Clay Reid (left), Davi Bock and Wei-Chung Lee of Harvard University in their electron microscopy lab at Harvard.
Art Wetzel and Greg Hood, National Resource for Biomedical Supercomputing, Pittsburgh Supercomputing Center
A convoluted mass of tissue comprising roughly as many nerve cells, called neurons, as there are stars in the Milky Way, about 100 billion, the human brain may be the most complex structure in the universe. How much do we know about this intricately interconnected biochemical-electrical processing network that makes cognition possible — everything we call thought, creativity, emotion, memory, vision and more?
The answer, despite amazing advances in brain science over the past half century: not much, really. Probably the most studied brain activity is vision, with the most studied region being the primary visual cortex — an area in the back of the brain that processes visual stimuli. Brilliant experiments over the past 50 years have shown that neurons are organized in the visual cortex according to function — the ability to recognize particular kinds of visual information. Nevertheless, we have almost no understanding of how the neurons interconnect.

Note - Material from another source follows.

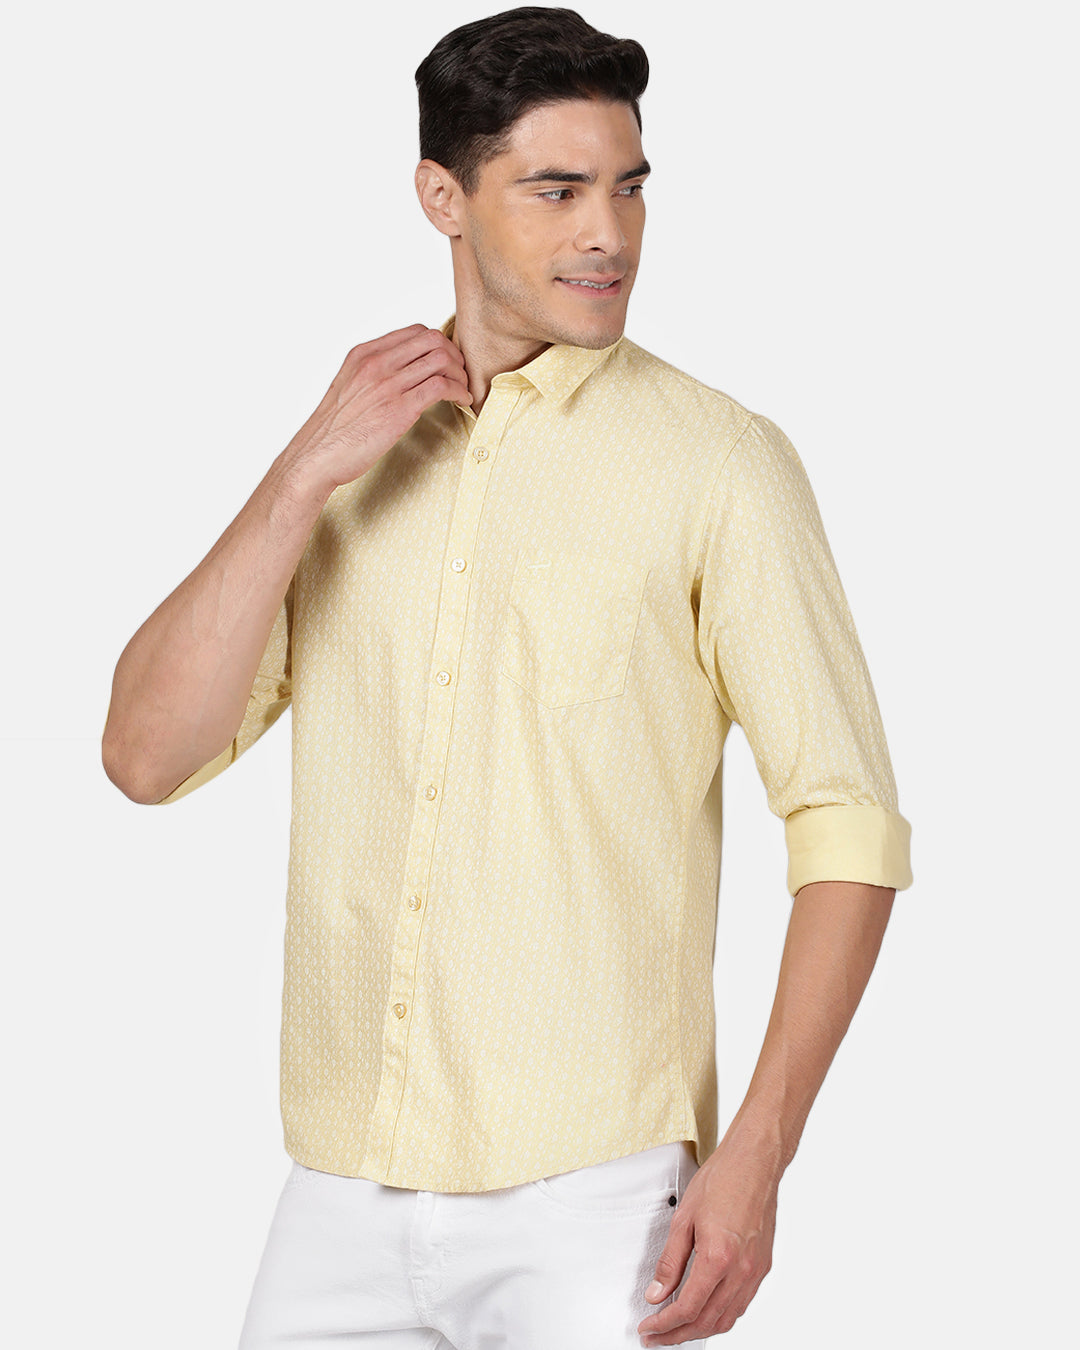 Crocodile Casual Full Sleeve Slim Fit Printed Yellow with Collar Shirt for Men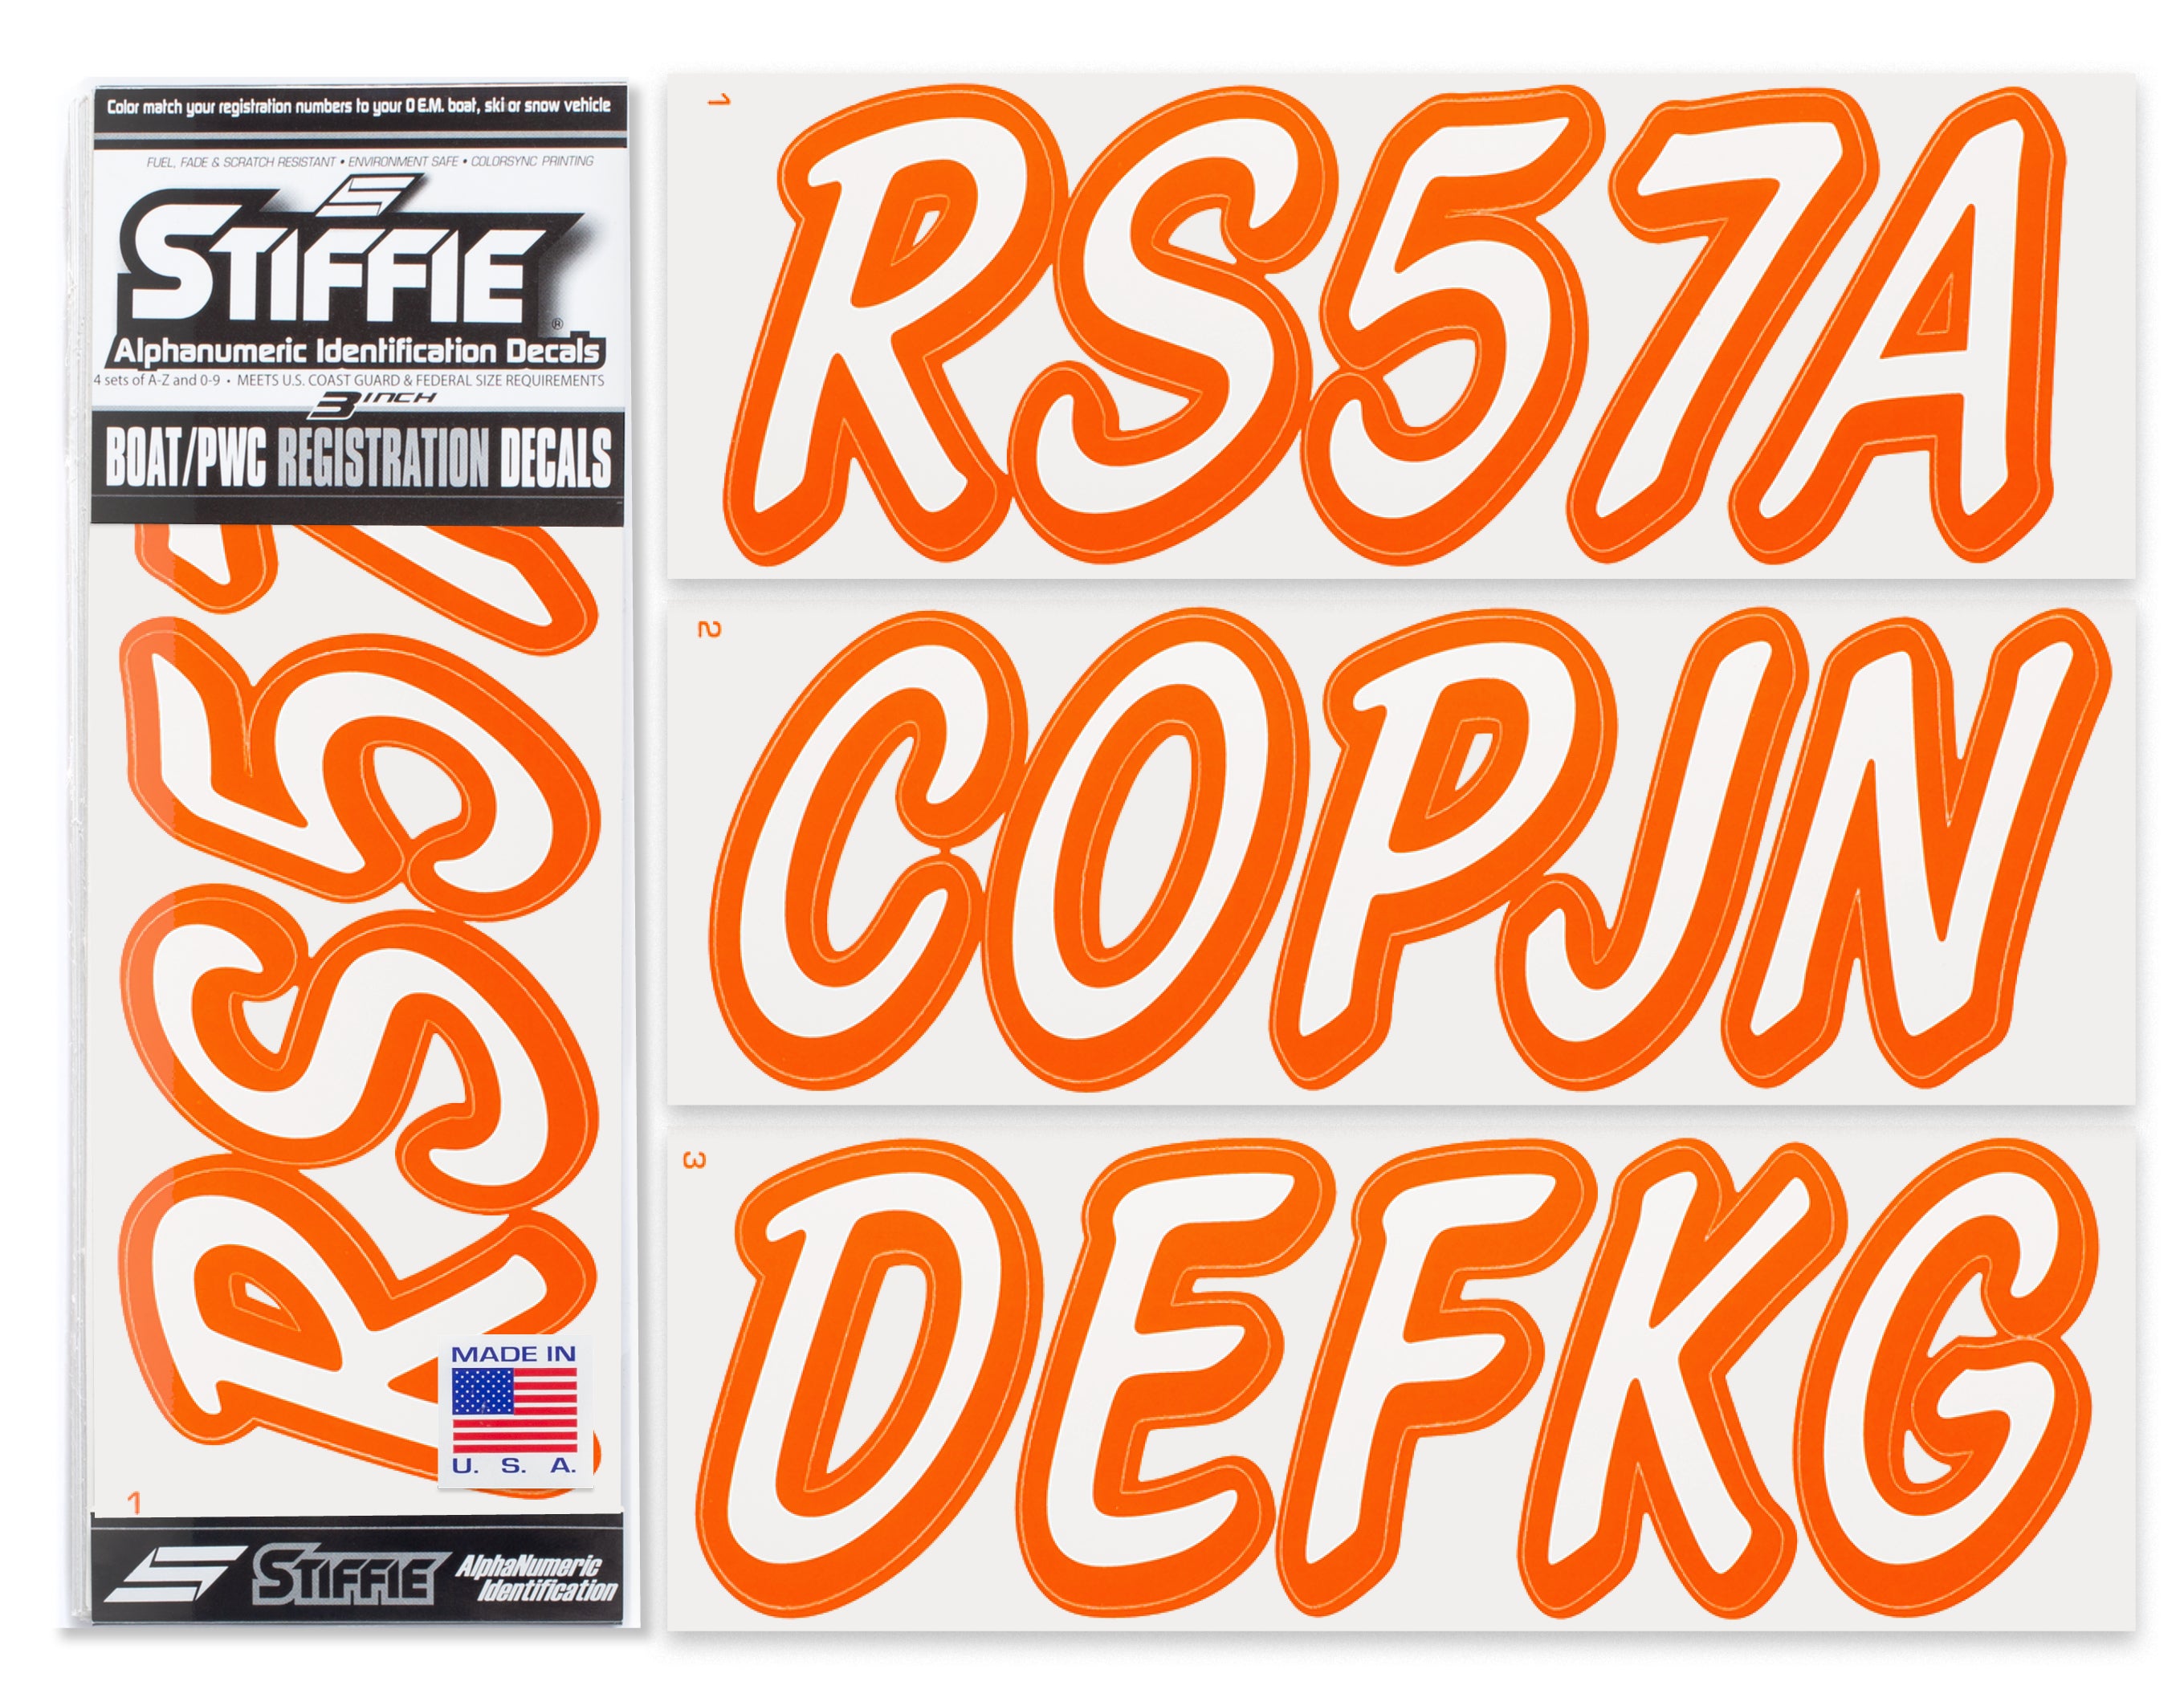 STIFFIE Whipline Solid White/Orange 3" Alpha-Numeric Registration Identification Numbers Stickers Decals for Boats & Personal Watercraft

“What determines what a cortex does?” asks Clay Reid, professor of neurobiology at the Harvard Medical School and Center for Brain Science. “What makes us human? I think it’s almost unarguable that what determines the differences — either between different cortices that do different things in the human brain, or the difference, for instance, between the human brain and the mouse brain — is the connections.”
For Reid, the next big step is to identify the brain's wiring diagram at the level of the individual neuron connections. During the past year, Reid, Ph.D. student Davi Bock, and postdoctoral fellow Wei-Chung Lee have used innovative, high-throughput transmission electron microscopy (TEM) to capture high-resolution images of sections from a mouse visual cortex. These sections — from a volume of brain containing 100 identified neurons and portions of many more — correspond to live experiments showing which neurons perform particular visual operations.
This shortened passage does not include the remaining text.